Pour ceux qui souhaitent éviter cette complexité, deux solutions s’offrent à eux. D’une part, se concentrer sur la location longue durée, régie par la loi nationale sur les baux urbains (LAU), qui reste plus stable et n’est pas soumise aux mêmes restrictions de licence ni au vote des copropriétés. D’autre part, viser le segment des locations moyennes durées (plus de deux mois), destinées aux étudiants, travailleurs détachés ou familles en transition, qui, dans de nombreuses régions, échappent au statut de location touristique, à condition de ne pas être promues comme telles.
Construire sa stratégie : style de vie, rendement, patrimoine
Face à un marché aussi riche et évolutif, la clé pour un Français n’est pas seulement de « trouver une bonne affaire », mais de définir d’abord un cap stratégique.
Un projet purement patrimonial, axé sur la sécurité et la liquidité, conduira naturellement vers Madrid, Barcelona, ou vers les marchés les plus établis de la Costa del Sol et des Baléares. La progression des prix y sera sans doute moins explosive que dans certaines villes de rattrapage, mais la profondeur du marché, la demande internationale et la rareté de l’offre réduisent le risque de baisse brutale.
Pour un projet alliant vie personnelle et investissement (télétravailleur ou futur retraité), privilégiez Valencia, Málaga, Alicante, Granada, certaines villes de Murcie ou le nord au climat plus doux.
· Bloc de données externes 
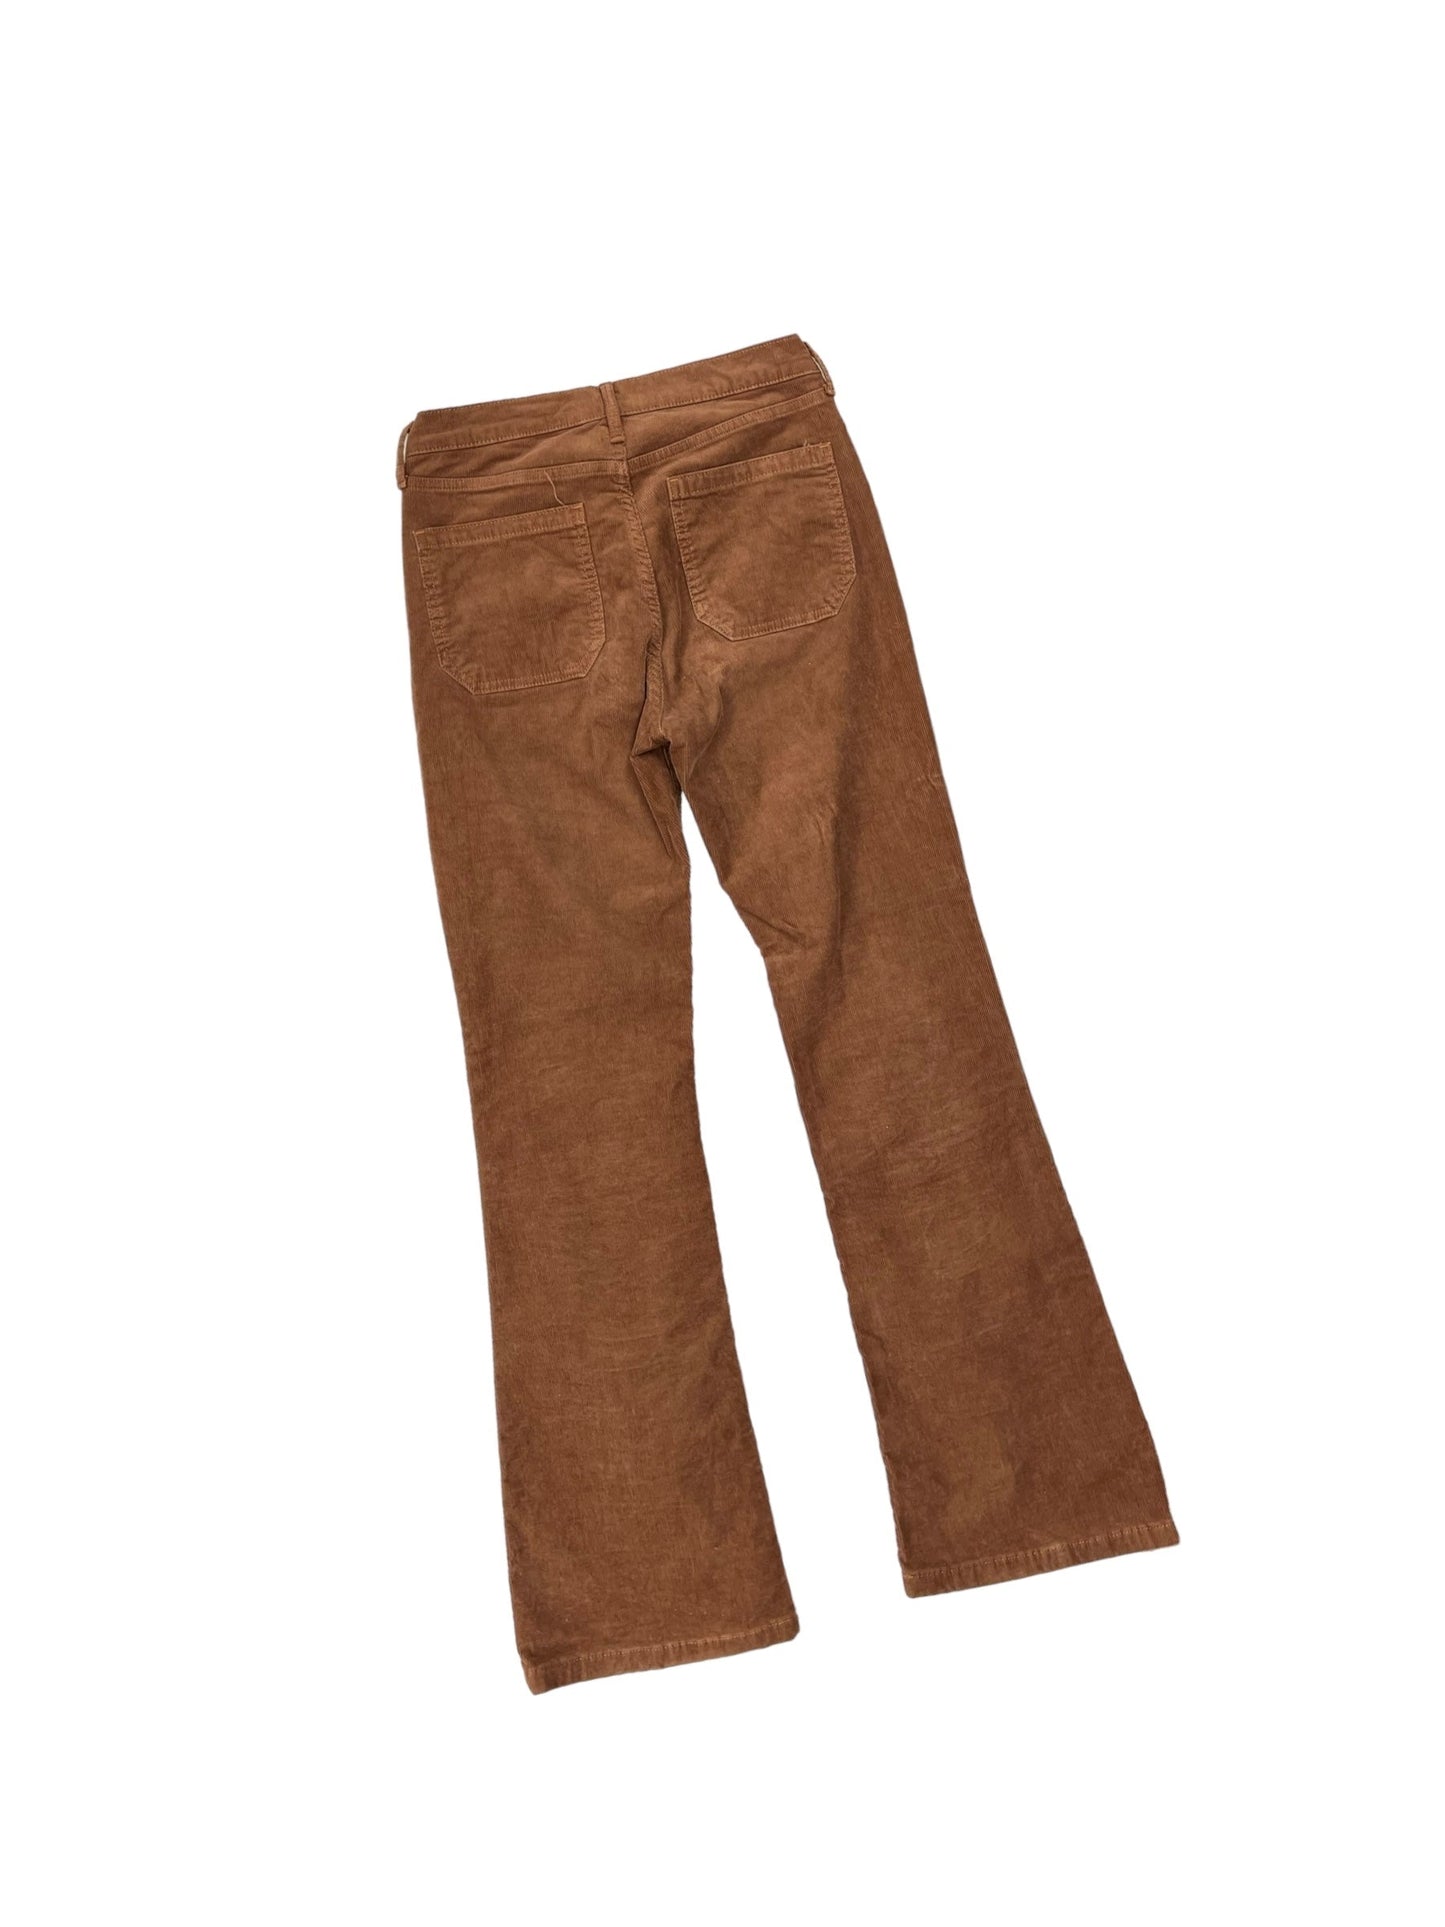 Pants Corduroy By Gap  Size: 4l
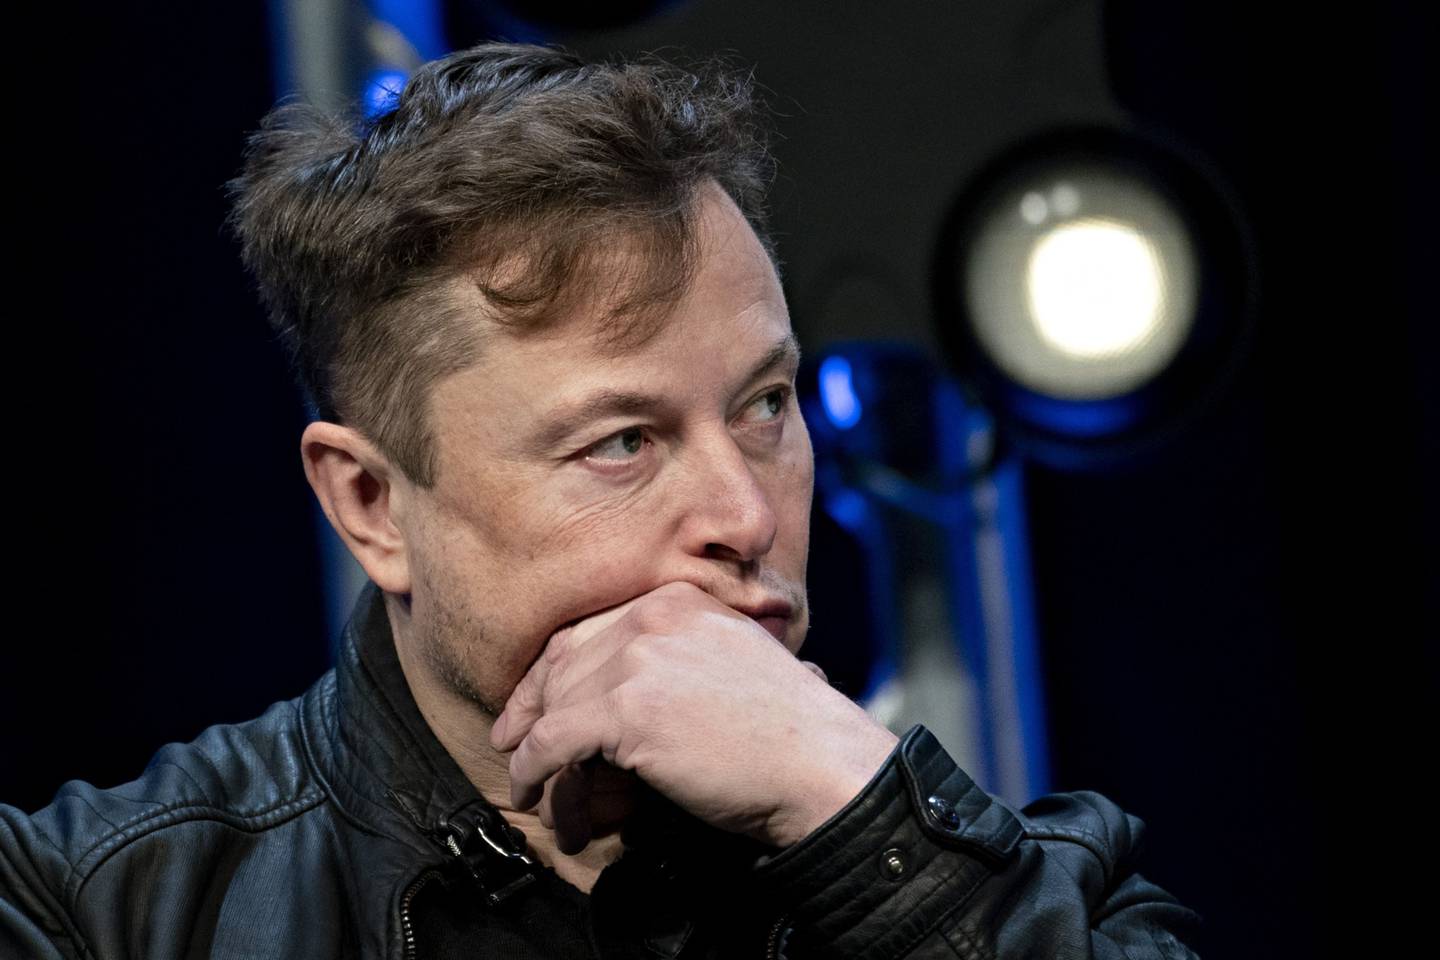 Elon Musk, fundador de SpaceX y director ejecutivo de Tesla Inc., escucha durante una discusión en la Conferencia Satellite 2020 en Washington, DC, EE. UU., El lunes 9 de marzo de 2020.

Ces villes offrent des prix d’accès raisonnables, une qualité de vie supérieure, des loyers couvrant au moins une partie des charges, et une marge de progression des prix encore réelle.
Un projet à fort rendement touristique reste envisageable, mais suppose de viser des niches où les licences existent déjà (par exemple en rachetant un bien disposant d’une licence valide) ou des destinations moins saturées, tout en acceptant une gestion professionnelle pointue, des frais de conciergerie parfois élevés (18 à 25 % du chiffre d’affaires pour la gestion complète à la nuitée), et un environnement réglementaire susceptible d’évoluer.
Pour une gestion financière efficace, il est crucial de prévoir les flux de trésorerie en tenant compte des coûts réels : frais d’achat, charges annuelles, fiscalité locale et internationale, et coût du crédit. Évitez de vous baser uniquement sur des scénarios optimistes de rentabilité brute.
Pour un Français en 2026, investir en immobilier en Espagne reste une option solide, à condition de la considérer pour ce qu’elle est désormais : un placement dans un marché arrivé à maturité, encadré juridiquement, où les perspectives de hausse restent favorables mais plus raisonnables, et où la qualité de l’accompagnement juridique, fiscal et bancaire fait la différence entre une belle opération patrimoniale et une aventure chaotique. Le soleil, lui, continue d’être gratuit — mais il ne doit pas éblouir au point de faire oublier la rigueur des chiffres et des textes.